Actor in Law is a 2016 Pakistani socio-comedy film directed by Nabeel Qureshi, co-written and produced by Fizza Ali Meerza along with Mehdi Ali. The film was released on Eid-ul-Adha 2016. by Urdu 1 Pictures. The film stars Fahad Mustafa and Mehwish Hayat in lead roles. It also stars veteran Indian actor Om Puri in his first Pakistani film, who died on 6 January 2017 suffering Cardiac arrest. On 19 April 2017, it received the Best Film award at the 16th Lux Style Awards.

Plot
Fahad Mustafa stars as an up-and-coming lawyer who employs theatrics and over-the-top one-liners in the courtroom. He aspires to become an actor, something which is met with disapproval from his father. His world is turned upside down when he is faced with a case that shakes the foundation of the country and threatens his career and family. Will he be able to use his theatricality and knowledge of the law to ensure justice?

The film also fictionally portraits the celebrities in Pakistan such as Ayyan and news anchor Mubashir Lucman.

Cast
Fahad Mustafa as Shan Mirza
Om Puri as Rafaqat Mirza
Mehwish Hayat as Meenu Screwala
Lubna Aslam as Shan's mother 
Saboor Ali as Annie Mirza
Alyy Khan as Muddasir Sultan
Irfan Motiwala as Fridge Man
Saife Hassan as Guddu Mamu
Saleem Mairaj as Mehboob Bhai
 Anoushay Abbasi as Meenu's Friend
Kaizer Behram Irani as Meenu's Mother
 Noor ul Hassan
Ahson Talish as a Politician

Special appearance
Humayun Saeed as himself
Mahira Khan as herself
Nayyar Ejaz as a Lawyer 
Rehan Sheikh as a Lawyer
Talat Hussain as a Judge
Atif Aslam as himself in music video "Dil Yeh Dancer Hogaya"
Nabeel Qureshi as himself in title song "Actor in Law"
 Ali Zafar as himself on Billboard 
 Imran Abbas as himself on billboard 
 Ayeza Khan as herself on billboard
Annas Kashif as himself

Development and production
The film is directed by Nabeel Qureshi and produced by Fizza Ali Meerza and Mehdi Ali, making it their second project after Na Maloom Afraad.
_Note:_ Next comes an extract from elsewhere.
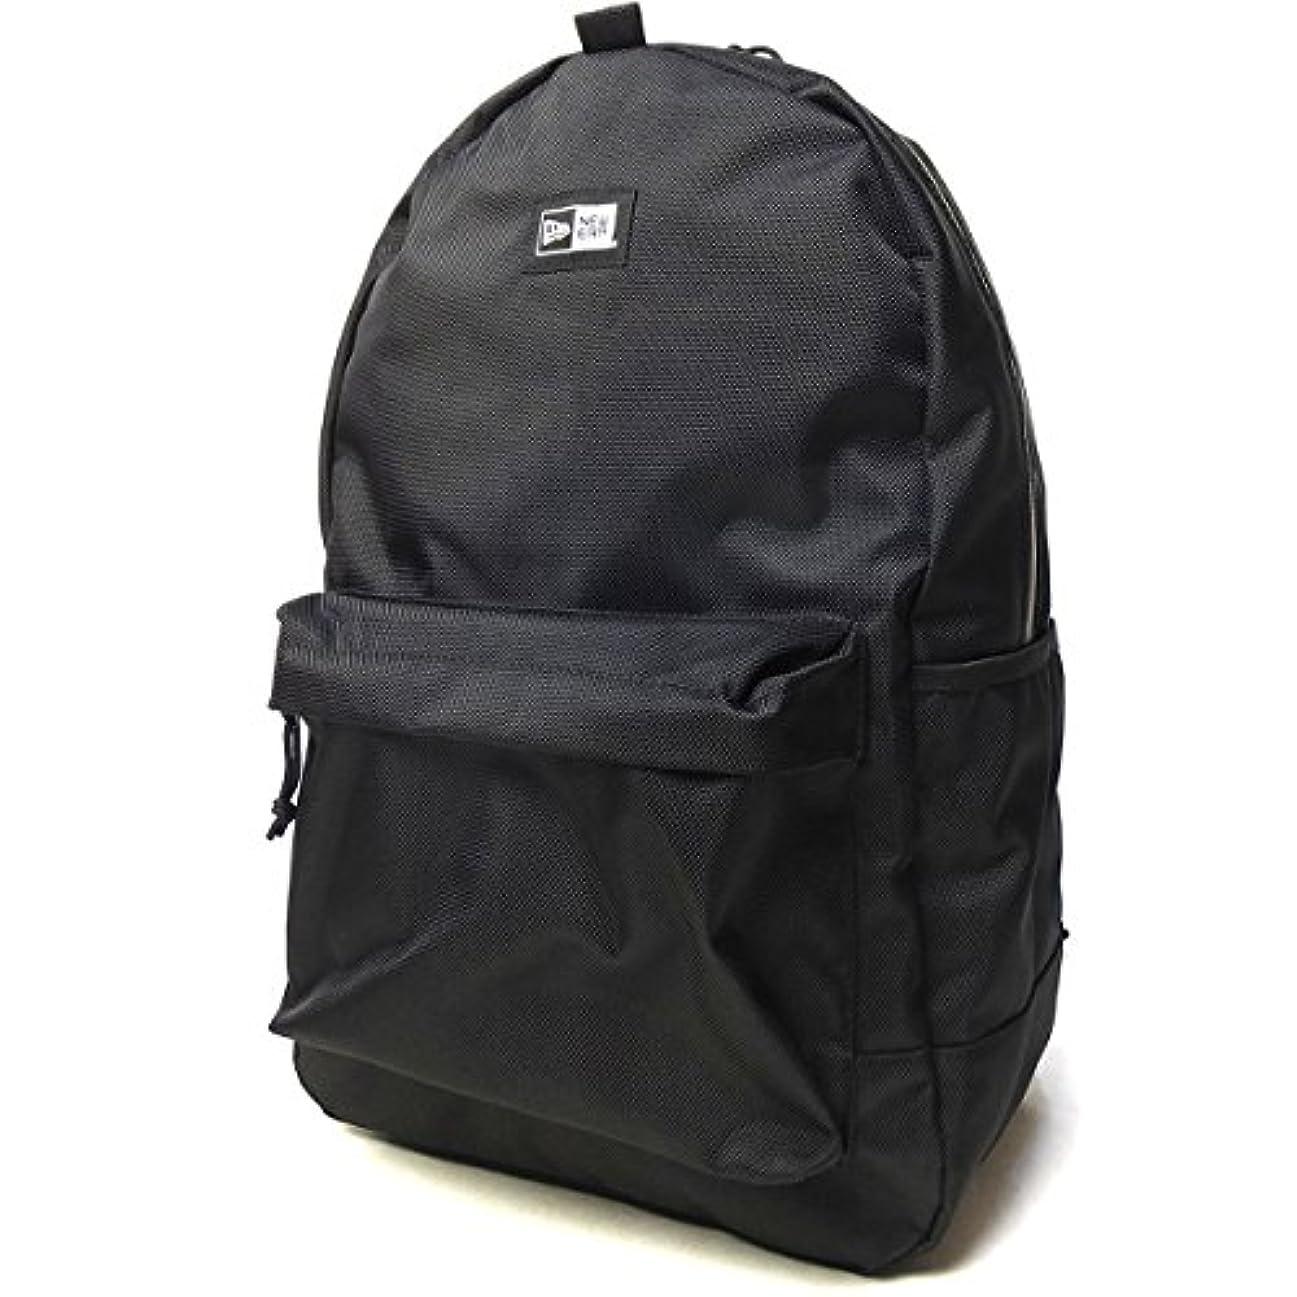 専門知性玉ニューエラ ライトパック ブラック 黒 カバン バッグ リュックサック バッグパック 鞄 NEWERA LIGHT PACK BLACK 11404230

The details about the film were unveiled by Nabeel Qureshi and Fizza Ali Meerza at a press conference in Karachi on 9 January 2016. The press conference was also attended by Fahad Mustafa, Mehwish Hayat, Alyy Khan and Indian veteran actor Om Puri, who made his Lollywood debut. The producer Fizza also revealed that the film stars Fahad Mustafa and Mehwish Hayat in lead roles. The cast also includes Alyy Khan, Saife Hassan, Saleem Mairaj, Saboor Ali, Anoushay Abbasi and Ahson Talish in important roles. Humayun Saeed, Mahira Khan, Nayyar Ejaz, Talat Hussain, Rehan Sheikh, and Rashid Khawaja all made special appearance in the film. Om Puri told that he signed the film because the script is different and unique. He also told the title Actor in Law is suggested by him. "I didn't know this team personally when I was approached for the film. But I was aware of the fact that Pakistani films have improved a lot." said Puri. The director Nabeel Qureshi said that this film is a different story just like Na Maloom Afraad. "Rather than telling jokes, I enjoy telling stories. And audiences can expect the same with Actor in Law as well since it has a very unique story," said Qureshi. Cinematography was done by Rana Kamran. It was distributed locally and internationally by Urdu 1 Pictures. It was the first film distribution by Urdu 1. The film was released on the occasion of Eid al-Adha in mid 2016.

Production

Filming
The first spell of film was shot in Karachi.

Marketing
Title poster of film was released in February 2016 while the first look poster was revealed on 24 June 2016 via social media. Director claimed that, Indian actor Om Puri will also come to Pakistan for the promotional purpose of his debut Pakistani film. On 28 June 2016, the trailer launch event was held in PC Hotel, Karachi where character posters were also unveiled. According to the Pakistani box office reports, the lollywood movie Actor in Law collected over 100 million in just 5 days in Pakistan which is the second best performance by a Pakistani movie after Jawani Phir Nahi Ani.

Soundtrack

Release
Actor in Law released in UAE, UK, and Middle East on 8 September 2015. The film was released nationwide on 13 September (Eid al-Adha) alongside Azfar Jafi's romantic comedy Janaan and Anjum Shahzad's romantic drama Zindagi Kitni Haseen Hay.

Broadcast Rights
The broadcast rights of the movie were syndicated Urdu1 & Star Gold Middle East.

Home Video
The movie has been made streaming available on Amazon Prime Video.

Reception

Box office
Actor in Law opened to full houses on 13 September 2016. The film managed to exceed expectations and mint  on its first day. Numbers continued to grow on 14 September and the film minted  on its second day. Film managed to register mark of  at the end of its first weekend. On 16 September 2016, Urdu 1 pictures announced that the film had collected a total of  over the 3-day Eid Holiday. By 18 September 2016, the film had grossed , domestically. On 25 September 2016, Urdu 1 Pictures announced the film had grossed  worldwide.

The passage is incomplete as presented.